Within days of its appearance in the museum, this bundle of oddments begins to draw attention, not just from serious museum goers or curatorial staff but from the less desirable human flotsam -- homeless people, students and schoolchildren, assorted eccentrics -- who also make museums their homes, especially on rainy afternoons. It is these folks who start leaving notes and offerings to the mummified figure later known as Leto. One of them, an idealistic schoolteacher named Kim McQuy, becomes increasingly obsessed with the archaeological remains. Kim has visions of Leto talking to him; he wants to incorporate her into his Web site, History Starts With Us, as a symbol of the refugee's plight in modern Europe.

Kim begins corresponding with Dr. Fernly, who arranges for him to read the translations of the papyrus scrolls found with the Leto bundle. The scrolls, and the journal kept by their 19th-century plunderer, tell tales that intersect across time and place, from ancient Greece through the 12th century and into the Victorian era. Yet all the stories feature the same central character, known variously as Laetitia, Lettice, Nellie -- a very young unmarried woman with twin children, a boy and a girl, all three gaunt and near starvation, all three forever seeking refuge, forever cast back into a maelstrom of unceasing violence between religious and ethnic factions that continues down through the centuries.

Warner's depiction of the childish Leto is heartbreaking. Uneducated, still bound by filaments of desire and affection for the men who use and then abandon her, Leto feeds and comforts her children as a wild thing does, nursing them until they're 5 or 6 years old, seeking always to find a better life for them, though without hope for one herself.
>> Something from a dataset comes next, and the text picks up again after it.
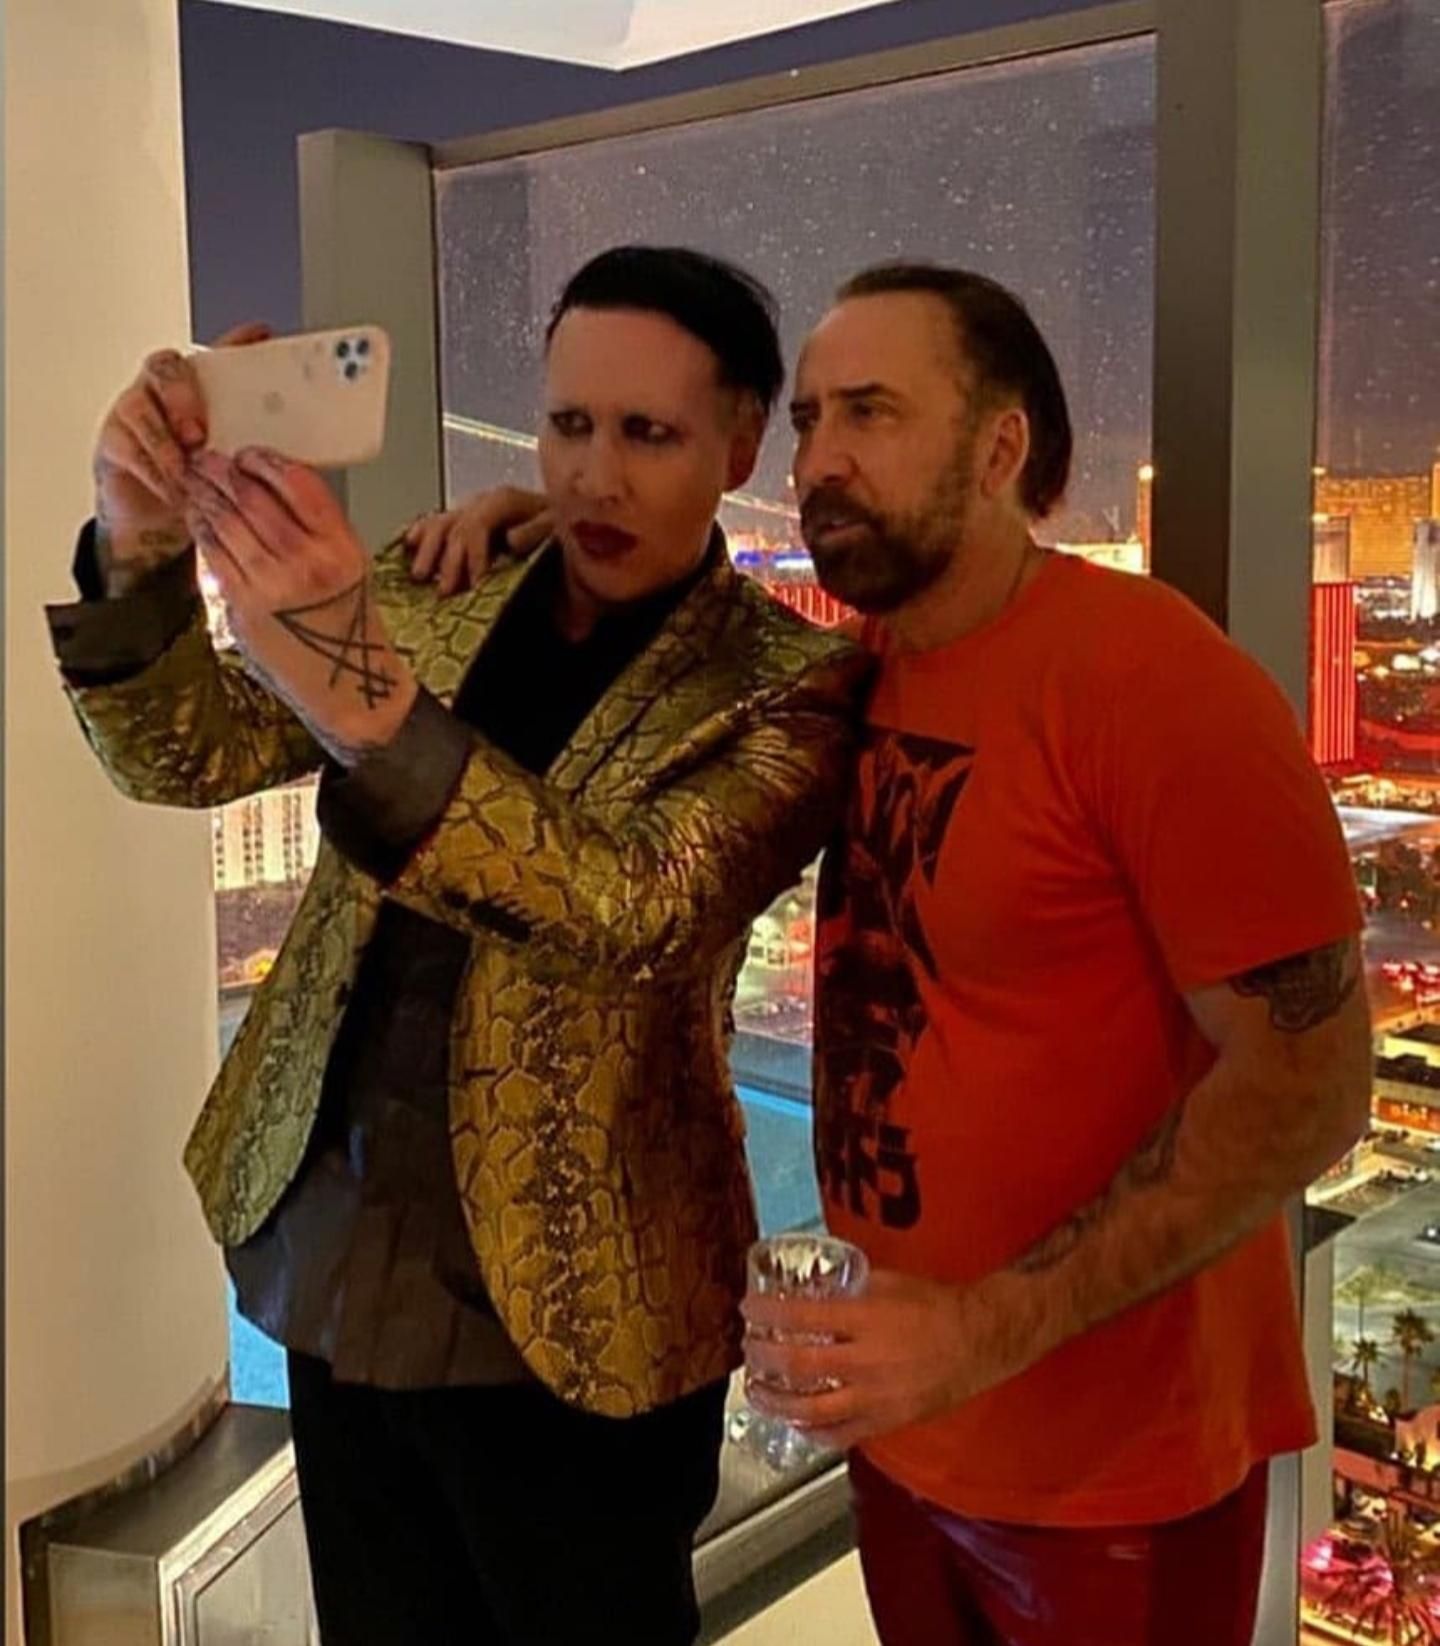 The crossover we've all been waiting for. Proof that Marilyn Manson and Nicholas Cage are Not the same person

Only a small miracle concerning the twins gives them any standing at all: Neither possesses a navel; this symbolizes their divine origin.

When Leto's wanderings bring her to Tirzah, a place very like present-day Bosnia, the story takes on even more ominous overtones, for Leto and for Kim McQuy. Because Kim himself is a displaced person: As a toddler in Tirzah, he was sold by his mother to a middle-class English couple. The adult Kim has almost no memory of his mother, now called Ella or Ellie; but she has not forgotten him, and neither has Kim's twin sister, Phoebe. Years later Ella and Phoebe make their way to England (called Albion by Warner), where their lives and Kim's once more intersect.

The Leto Bundle is strongest in this portrayal of a woman who, through all her desperate incarnations, remains a recognizable and sympathetic figure, not just a pathetic symbol of the dispossessed. Leto's sojourn as a menial hotel worker in contemporary Tirzah is extremely powerful. Less successful are the assorted plotlines woven through the modern sections of the story, especially those involving a self-absorbed folk singer named Gramercy Poule.

Marina Warner understands that myths, unlike movies or novels, never truly come to an end. And so in its closing pages The Leto Bundle circles back upon itself. Its haunting final image, that of a homeless woman wandering alone across 21st-century Europe, is redeemed by the small hope generated by the fragile web of human contacts Leto/Ella has left behind in Albion. Perhaps, this time, someone will come after her, and she will at last find a home. *

Elizabeth Hand is at work on her seventh novel, "Mortal Love."